Cross felt a stiff, dead wind carry through the camp. There were just under thirty individuals altogether – mostly soldiers, with a half-dozen mages and a single, lonely Doj engineer named Zender – cramped into the scattered tents, which seemed as occupied with equipment as they were with personnel. There were sacks of blessed soil stacked high like sandbags around each of the open tents, bundles of black iron poles bundled by hex wire, barrels of ash, boxes of pellet, shot and gun ammunition, raw moon rock and sacks of hexed salt. Little of that equipment was for the soldiers – most of it was for use by the mages. There was work to be done in the Blackmarsh…too important, he thought, to be handed to a bunch of young warlocks such as he.

What the hell am I doing here?

As if in answer, his spirit pushed against him. The breath of her form floated across his skin and filled him like living smoke.
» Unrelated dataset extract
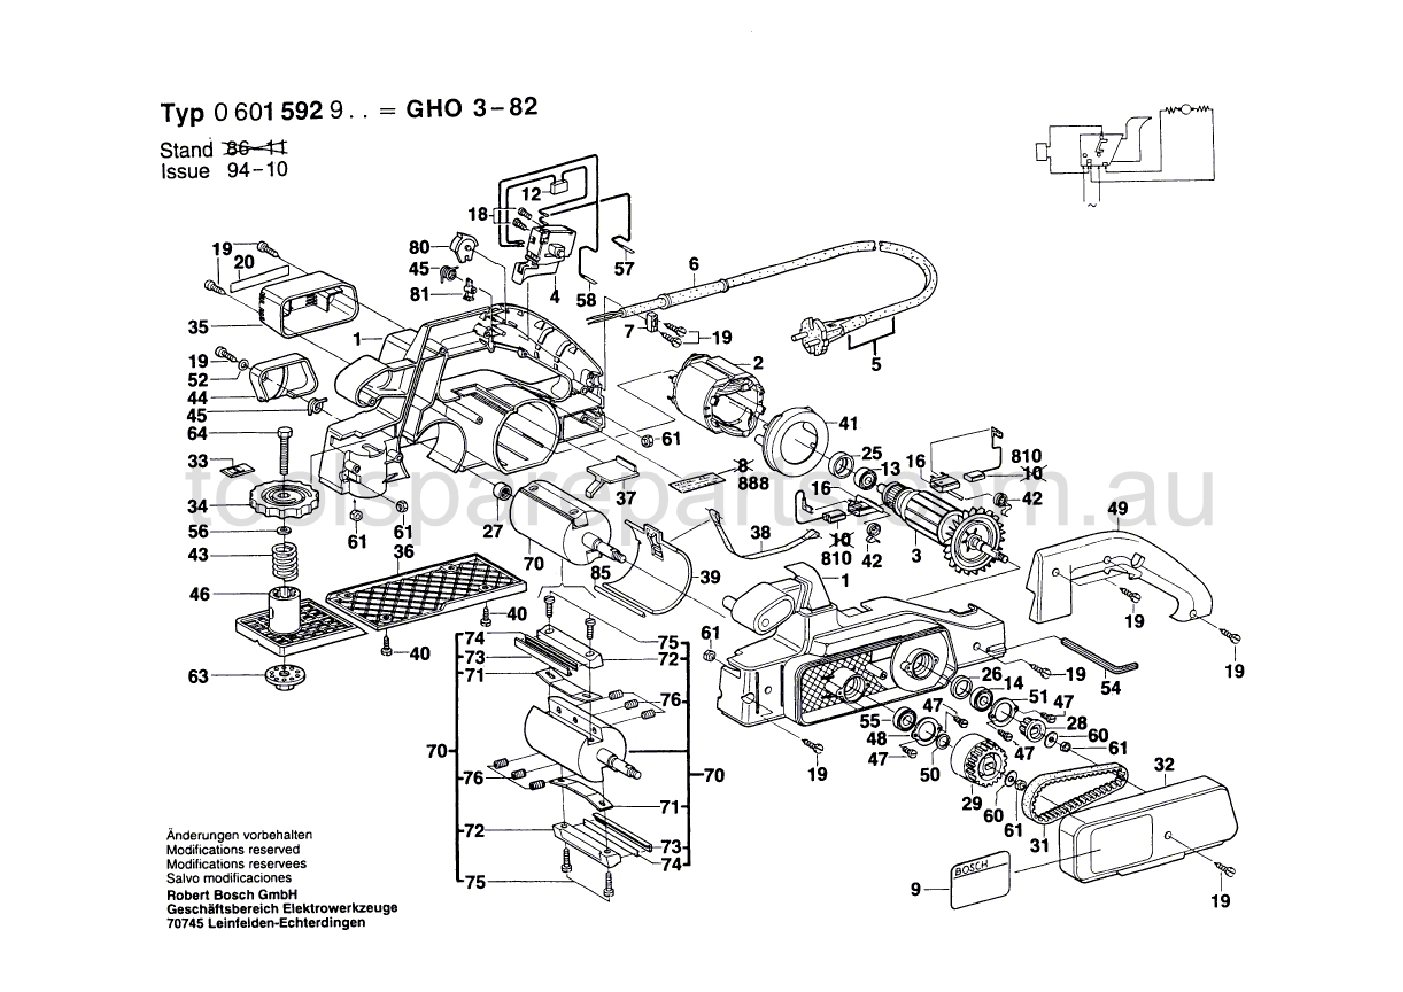 Bosch GHO 3-82 0601592937  Diagram 1

His fingers tingled, and he licked his lips to taste her electric hex. He unfolded his cards onto the table. Graves, Malone, Cala, Locke and Gage all nodded their appreciation that he’d folded, since he was just holding up the game with his indecision, but he saw that Gage and Cala were on edge, as well. A mage’s spirit was attenuated to subtle fluctuations and ebbs in the ethereal nodes of the living world: existing in the liminal space between living and dead, it was a witch’s or warlock’s spirit that granted them a sight that pierced illusion, that could seek out known individuals over a score of miles, that could detect hidden or unseen threats both mundane and magical. Being anchored to his spirit allowed Cross to cull bits of her shadowy form and transform it into potent energy, to create effects that humans had come to know as magic. It also meant that he was constantly exposed to the world of the dead, that he walked with a foot perpetually in the grave. Cross had lived with her since adolescence, after he’d nearly died at the hands of a sickness, but discovering her only meant he’d die young, later. No one could live long tied to an arcane spirit – by their very nature spirits were emotionally volatile and dangerous, lest they’d be unable to produce the energies they did.
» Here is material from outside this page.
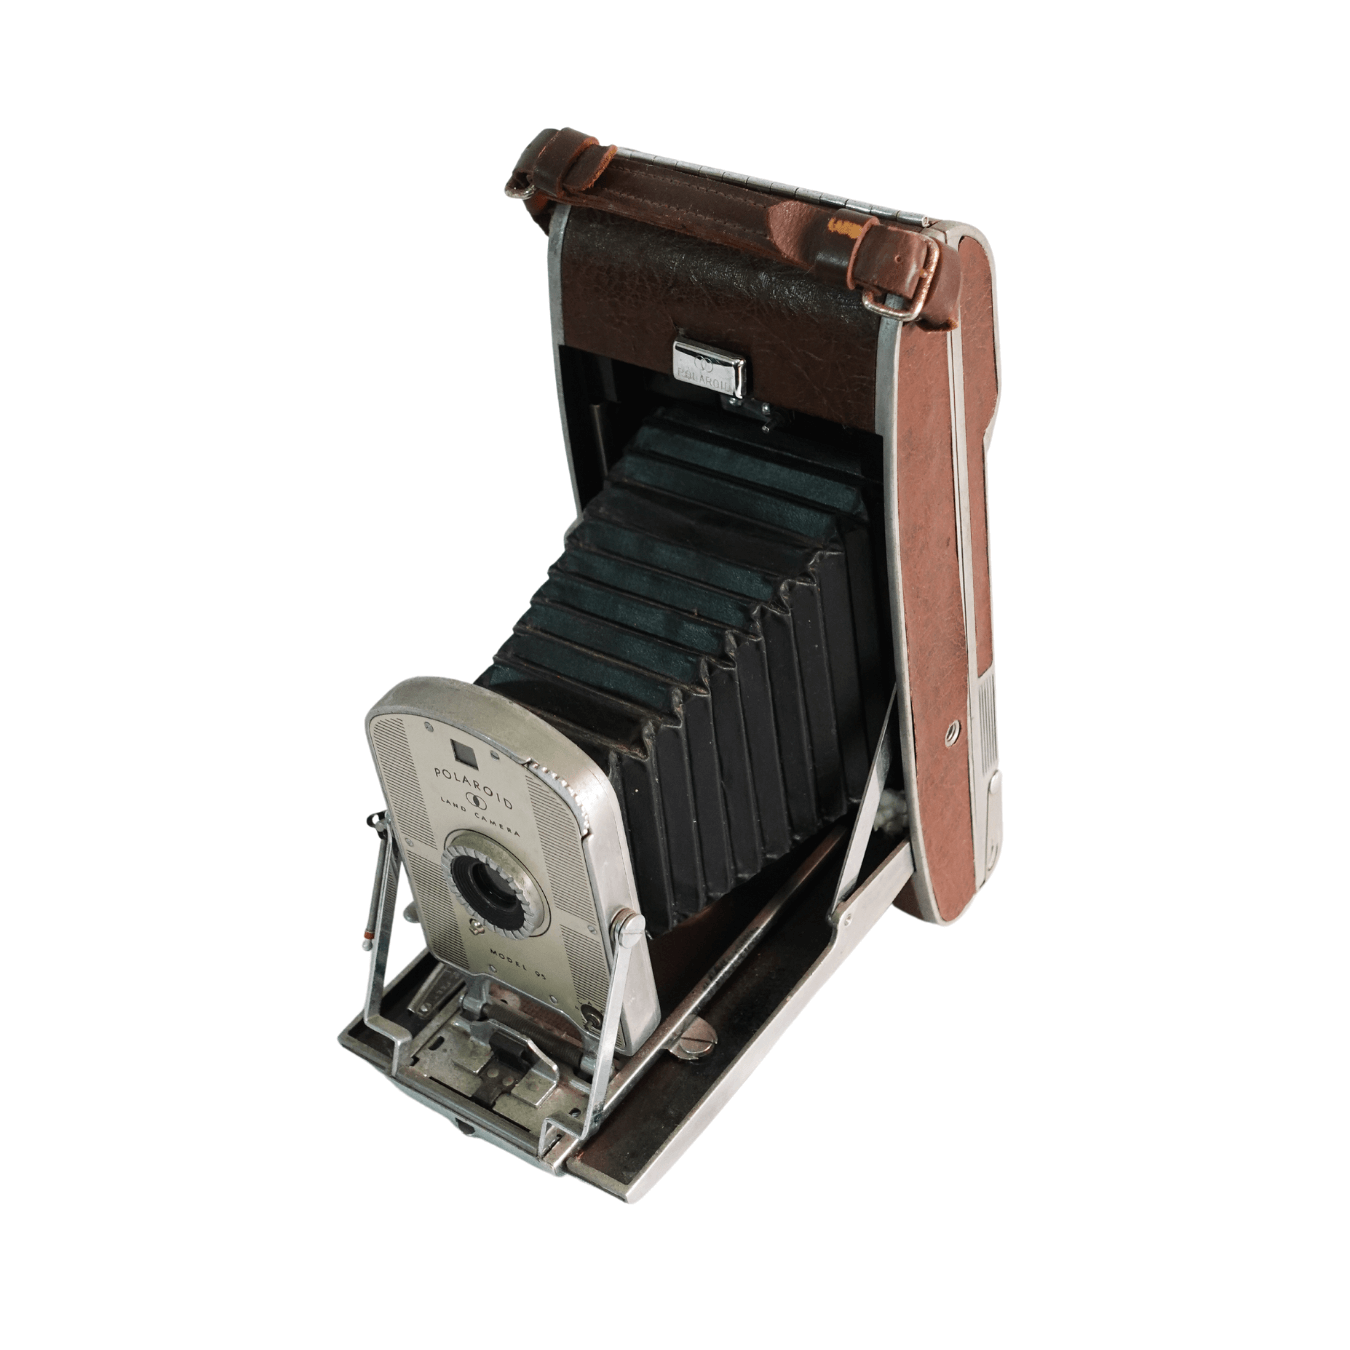 Câmera Polaroid Vintage Modelo 95 dos anos 1950

Cross sat back and looked towards the low, dark trees, the border of the Blackmarsh. It was difficult to tell where the trees began or how far they ran, but luckily Wolf Company wouldn’t be pressing in any deeper than the outer perimeter, if and when their air support ever actually arrived. Unfortunately, in order to get close enough to set the hex rods and initiate the detonation sequence to clear out the vampire garrison located there in the marsh, they had to figure out a way to contend with the shadow-wings and hellwyrms, and that was where the airships came in.

Too bad they’re about three hours late. It would have been nice to have done this before dark.